By Adam Hensley
The middle of the Big Ten is a cluttered mess at the moment.
Five teams, including Iowa (7-8), have between 7 or 9 wins in the conference.
A win at Maryland (22-6) would certainly help the Hawkeyes’ chances of separating themselves from the pack.
Once the opening tip goes up at 5 p.m. Saturday, the Hawkeyes have a chance to avenge their loss to the Terrapins in Carver-Hawkeye.
And if Iowa plays as aggressive as it did in a 96-90 overtime win against Indiana on Tuesday, anything’s possible in College Park, Maryland.
Peter Jok finished with a pedestrian game from the field (6-of-12 shooting, 1-of-6 from 3-point range), but went off from the free-throw line, sinking 22 of his 23 attempts and scoring 35 points in total.
“He’s always had an unbelievable stroke,” head coach Fran McCaffery said. “I mean, his form is textbook. He’s got great confidence in it. But when it comes off his hands so nicely, and he shoots it the same way every time. Everything you’ve ever heard a shooting coach talk about, his follow-through, where he puts his hands, his elbow. I mean, it’s perfection.”
Iowa as a team put on a clinic on how to get to the stripe. The Hawkeyes shot 47 free throws, 28 more than the Hoosiers.
Jok wanted the ball in his hands in overtime.
“Our last close game, I didn’t step up,” he said. “When we went to overtime, I told the guys [to] focus on defense. On offense, I wanted the ball in my hands because I felt like I had a mismatch pretty much all game.
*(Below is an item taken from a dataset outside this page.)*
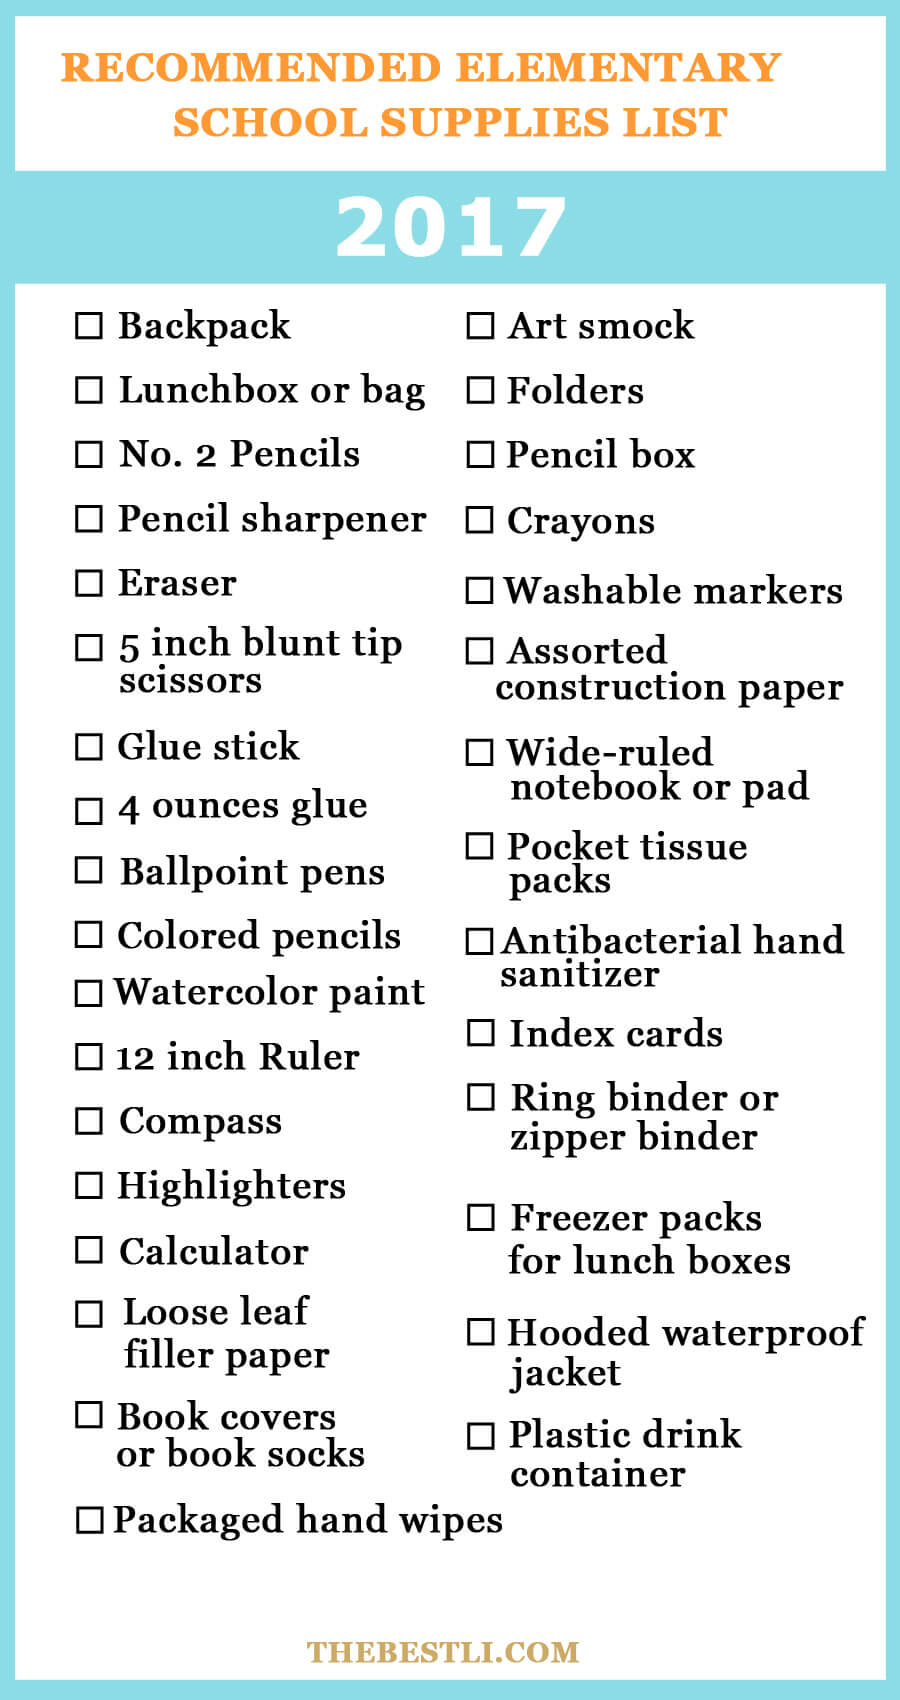 Elementary school supplies checklist

I just wanted to get to the free-throw line.”
Jok wasn’t the only one putting up points in an aggressive fashion.
Christian Williams, who McCaffery has used for defense recently, scored a career-high 10 points in the victory.
“We needed this [win] bad,” Williams said. “We’ve been working hard trying to get better, and we haven’t really been getting rewarded.”
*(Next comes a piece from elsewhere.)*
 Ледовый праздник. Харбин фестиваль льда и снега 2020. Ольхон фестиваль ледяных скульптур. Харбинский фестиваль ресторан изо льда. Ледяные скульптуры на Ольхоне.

He played alongside Jordan Bohannon, an on-court combination that really hasn’t been touched since Bohannon took over the starting role earlier in the season.
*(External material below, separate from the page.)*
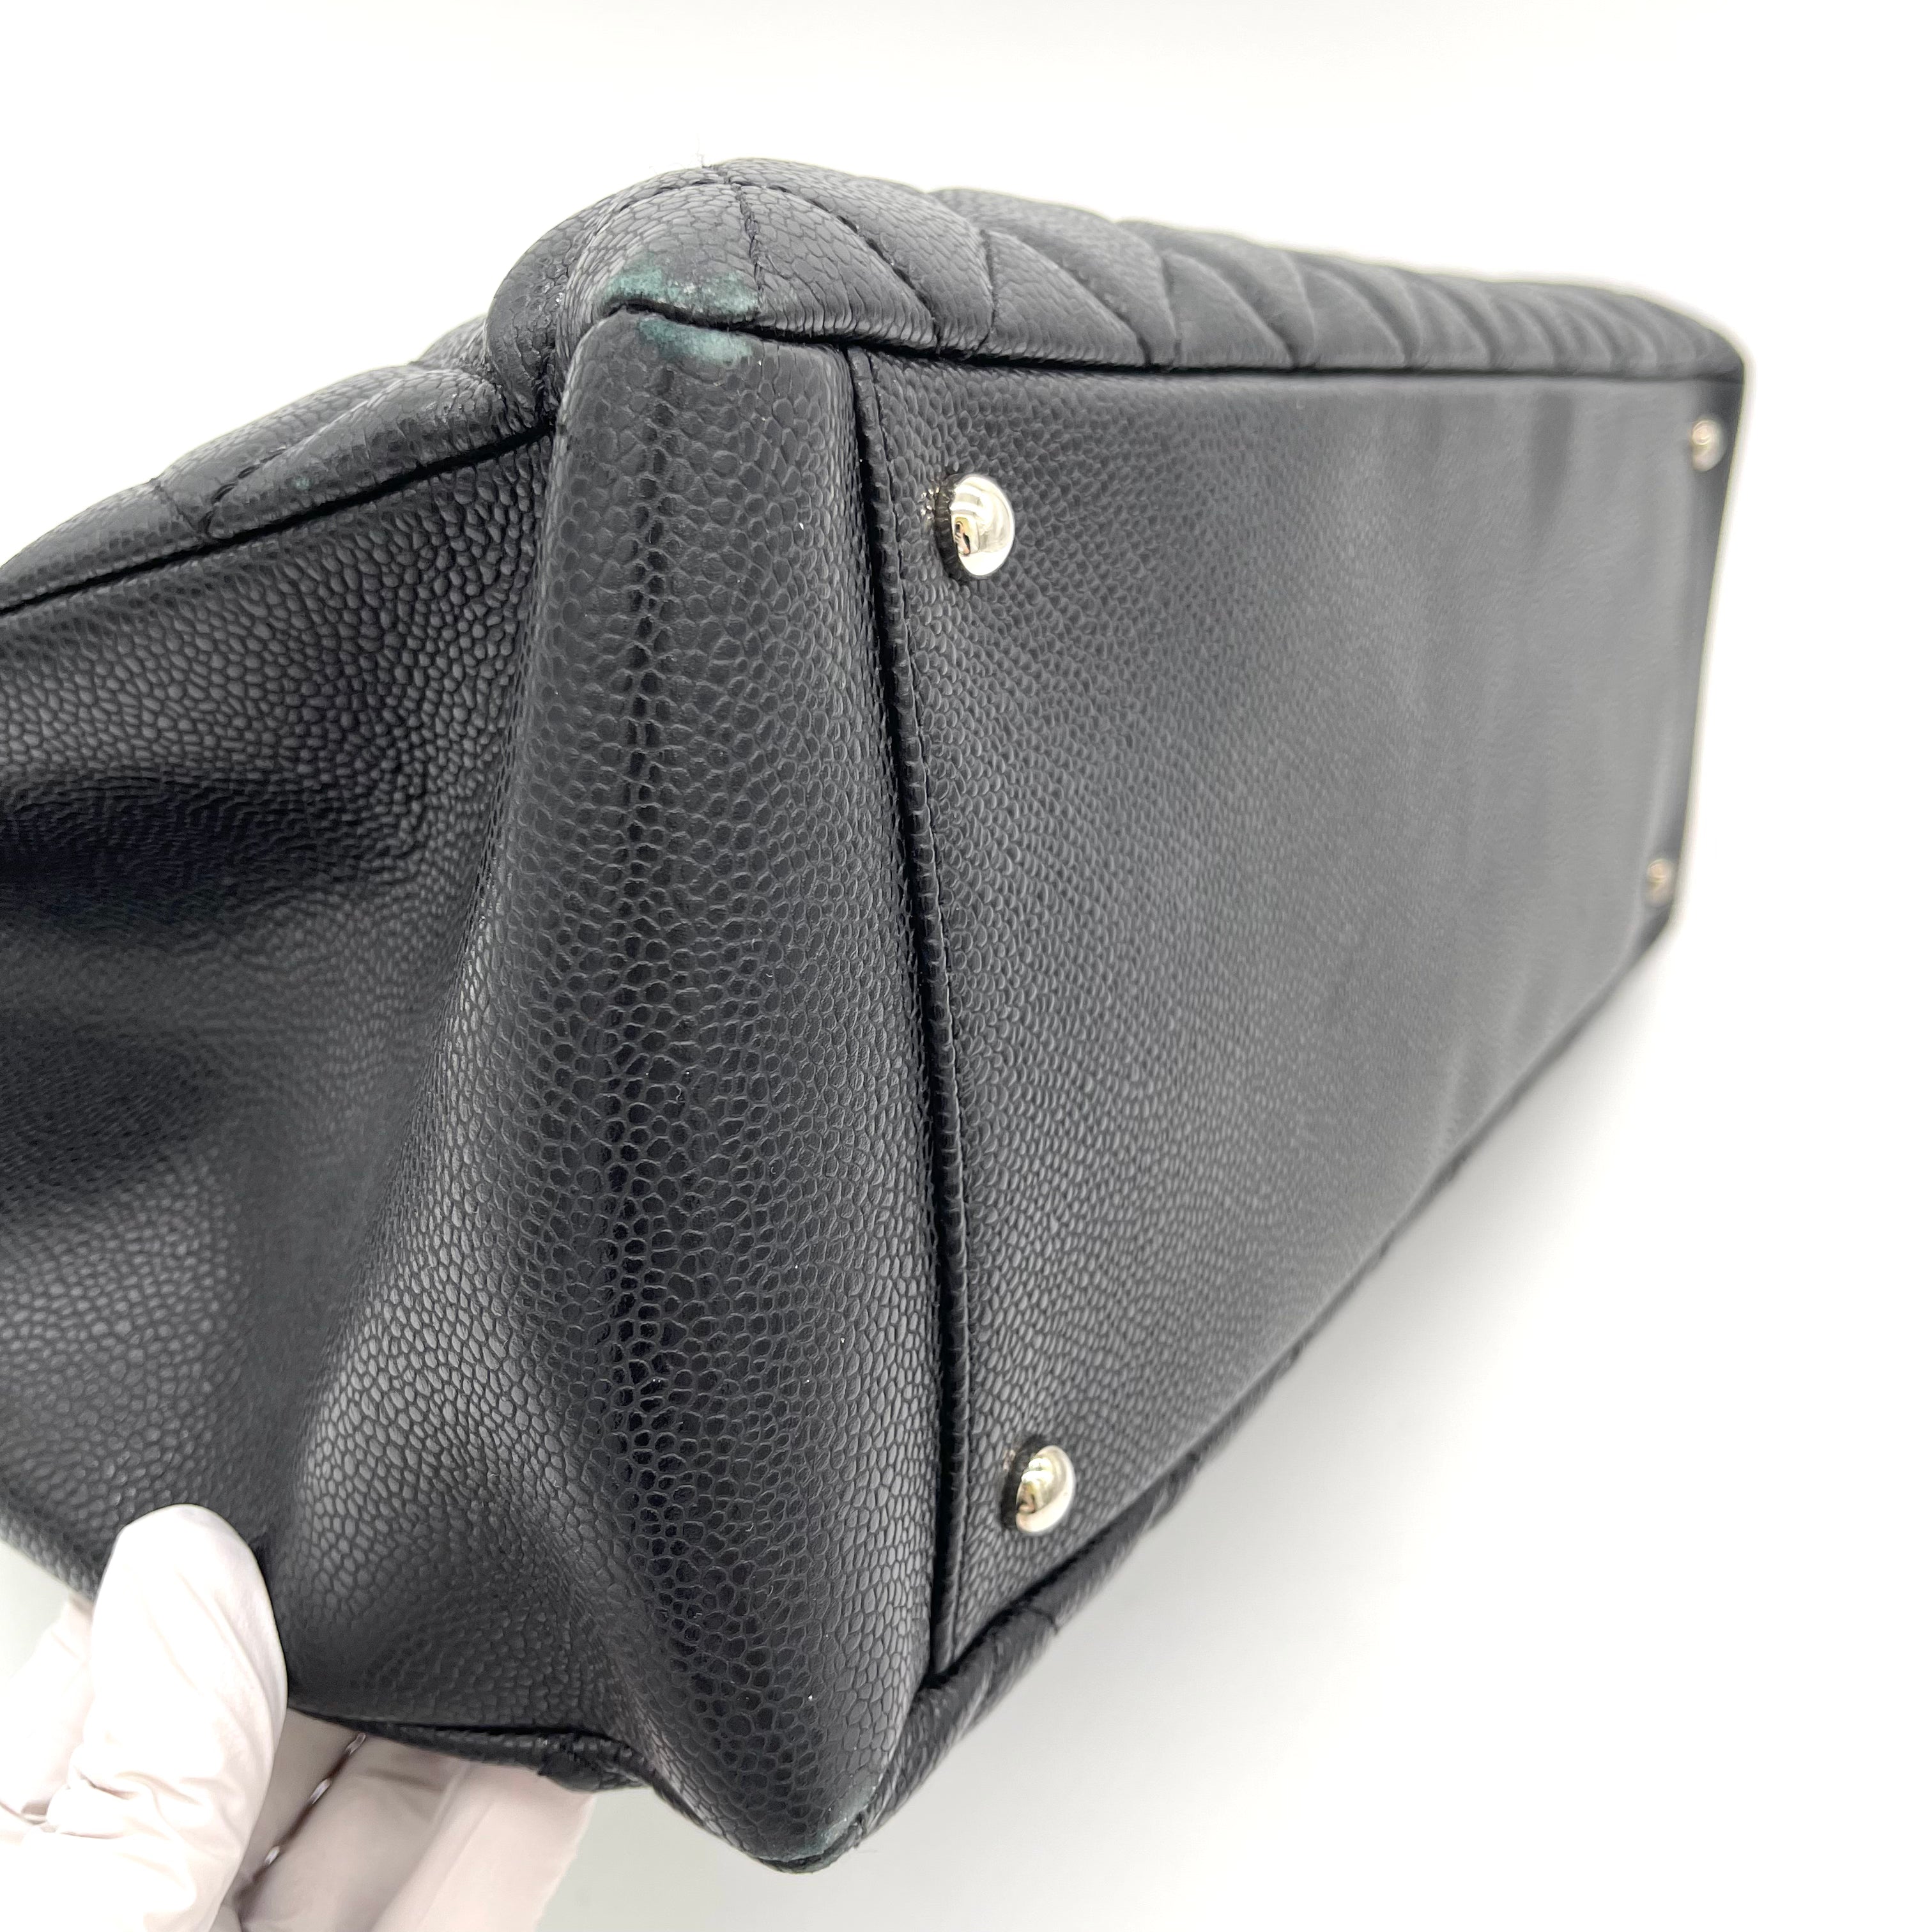 chanel quilted leather shoulder bag

Williams’ aggressiveness led to an increase in minutes, which lead to a fast break steal and slam.
“I just felt Christian’s energy level and his defense were spectacular,” McCaffery said. “From the opening tip, he was great in both halves.”
Even though the Terrapins enter this weekend’s contest on a two-game losing streak, the Hawkeyes are looking past that. This Maryland squad knocked off Iowa in a roller-coaster contest, 84-76, in late January.
It’s a given that memories of Melo Trimble knocking down 3-pointer after 3-pointer come to mind when remembering this game; his late-game heroics boosted the Terrapins in crunch time.
But the Hawkeyes’ win against Indiana showed that they can take over late, too.
One of the game’s defining moments came when Tyler Cook threw down a thunderous two-handed dunk over Indiana’s Thomas Bryant.
He followed his athletic play up with an emphatic, cold stare-down.
Iowa needs that sort of aggressive swagger if it wants to take down the No. 24 team in the country.